While Soto's frankness surely makes some squirm, it has also won him enthusiastic fans.

"Never, ever in my life have I heard any Catholic priest talk the way he does – or any other clergy from any other religion, for that matter," said David Merino, who went to Catholic school in San Diego and lost his brother to AIDS.

"He does this on the pulpit, which is almost unheard of. He's really in tune to what's happening right now. He's doing an incredible job."

On a recent Sunday, just hours after leading a procession honoring the Virgin of Guadalupe through the streets of Santa Ana, Soto was presiding over a Mass at St. Anne Church in memory of those who died of AIDS.

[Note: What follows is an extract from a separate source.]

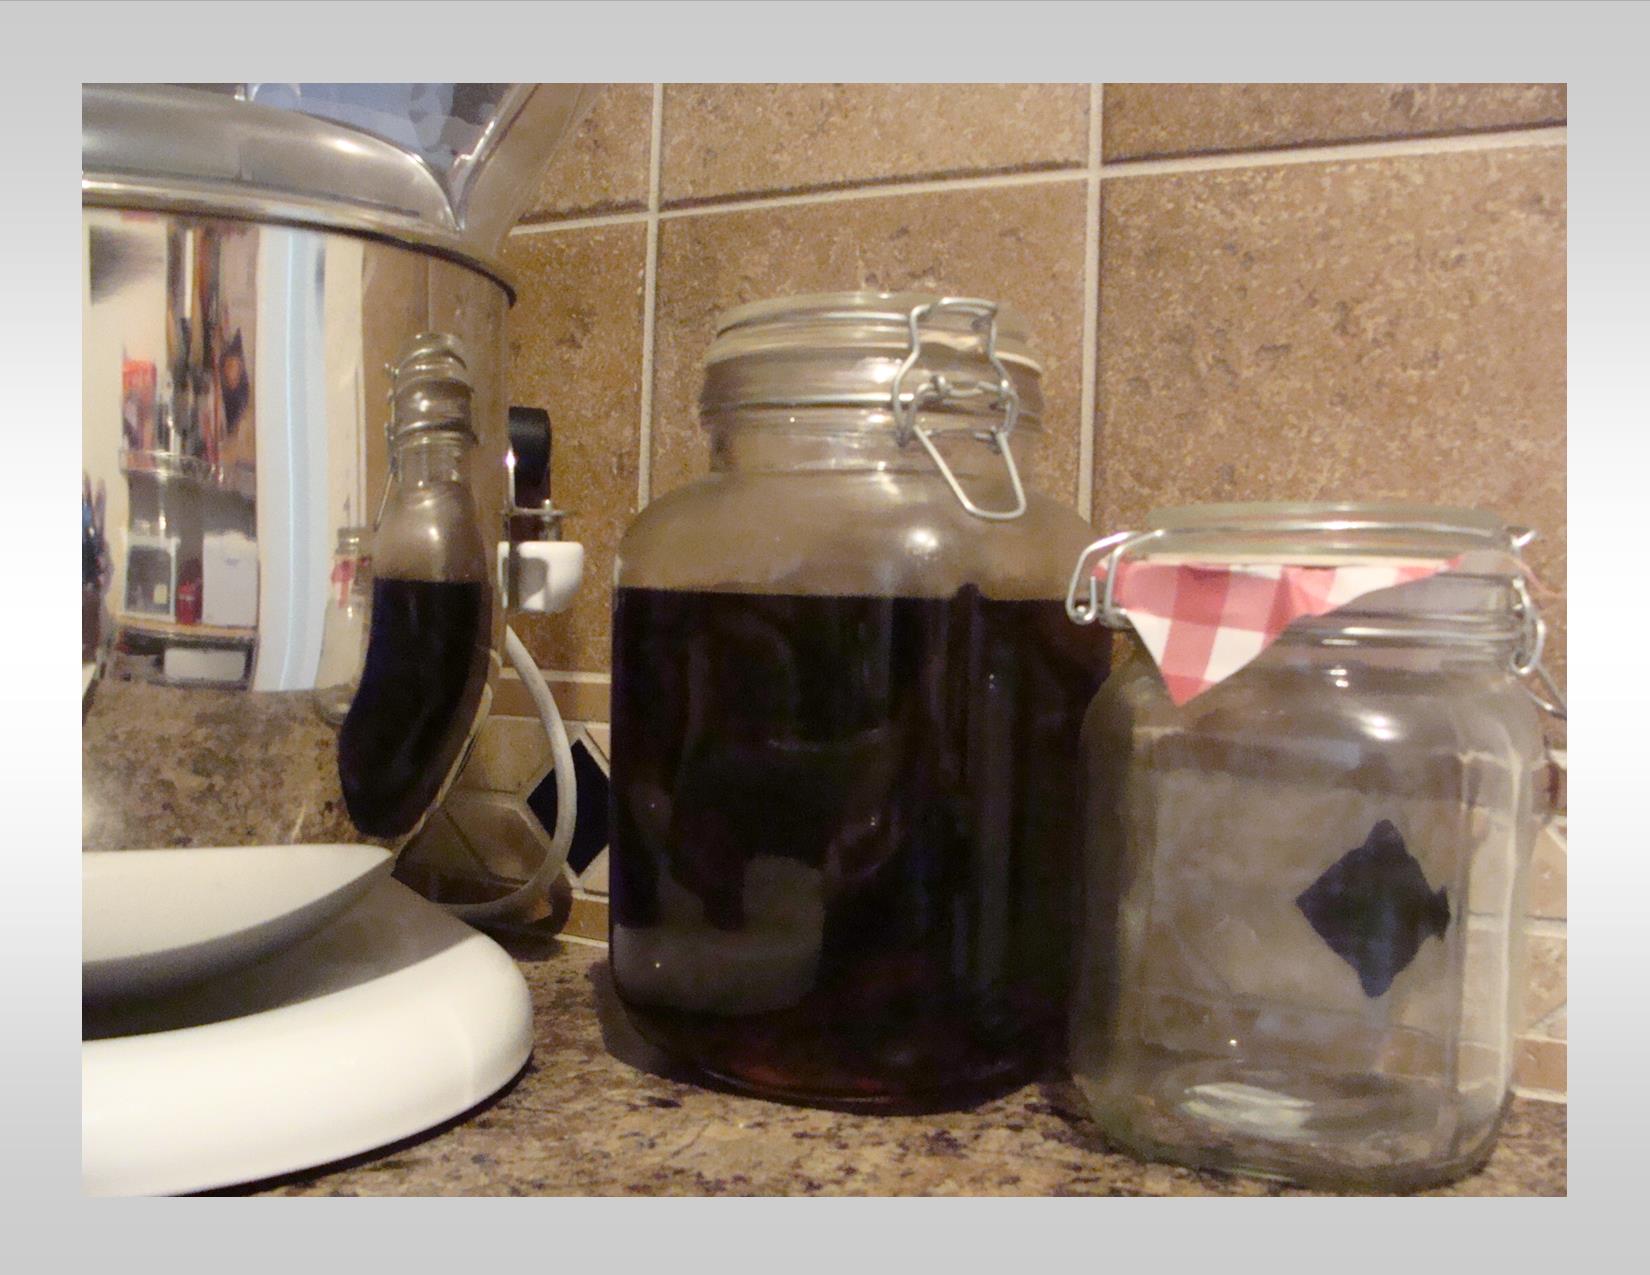 Make Your Own Vanilla Extract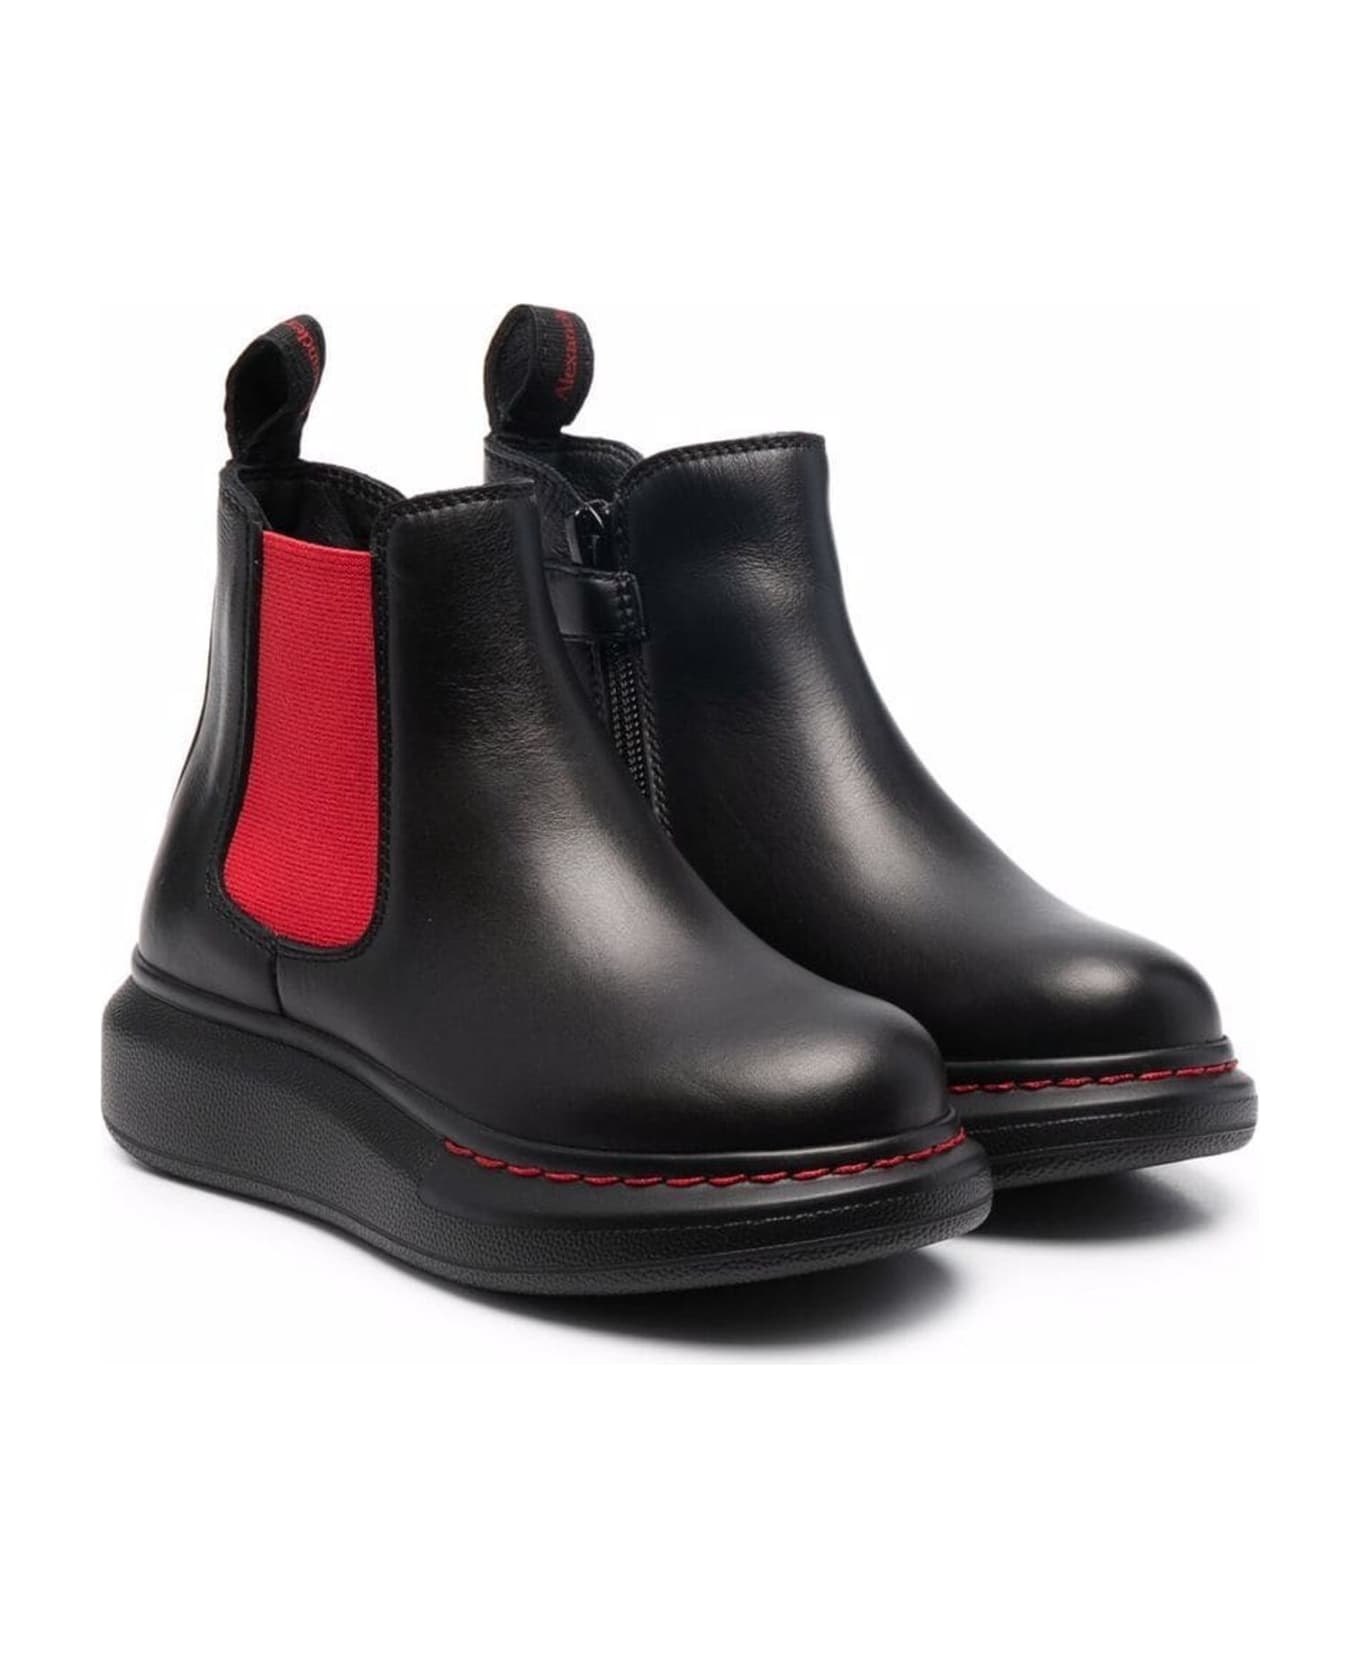 Alexander McQueen Black Leather Ankle Boots - Nero

He took pains to explain what a virus is and how it spreads, and that you can't catch it just by touching someone. That AIDS is no longer just a gay disease. That many women have unknowingly been infected by their husbands. That homosexuals were created by God and should be treated with compassion and understanding. And he read the names of the dead, one by one.

It's not a coincidence that the Mass is held on the same day the beloved Virgin of Guadalupe is honored.

"We do it deliberately," Soto said. "People have such strong devotion to her and she's such a strong maternal image, they become a little more sensitive, and it becomes an ideal time to address this issue. Many of these families suffer in silence, never having had a sense that the church really cared about them. We want them to know that, despite whatever mistakes, the church is there for them."

The Mass has been put together by Merino, who works for the AIDS Services Foundation Orange County, each of the last five years. This year, the Foundation mistakenly brought Spanish-language brochures that also contained condoms, and Soto asked that they be put away. The church does not believe in birth control....

The Foundation and the Catholic Church may not agree on methods of prevention, he said, but they work together on things like treatment and how AIDS patients are regarded.

"We have to give young adults the tools and permission to talk about these things," Soto said.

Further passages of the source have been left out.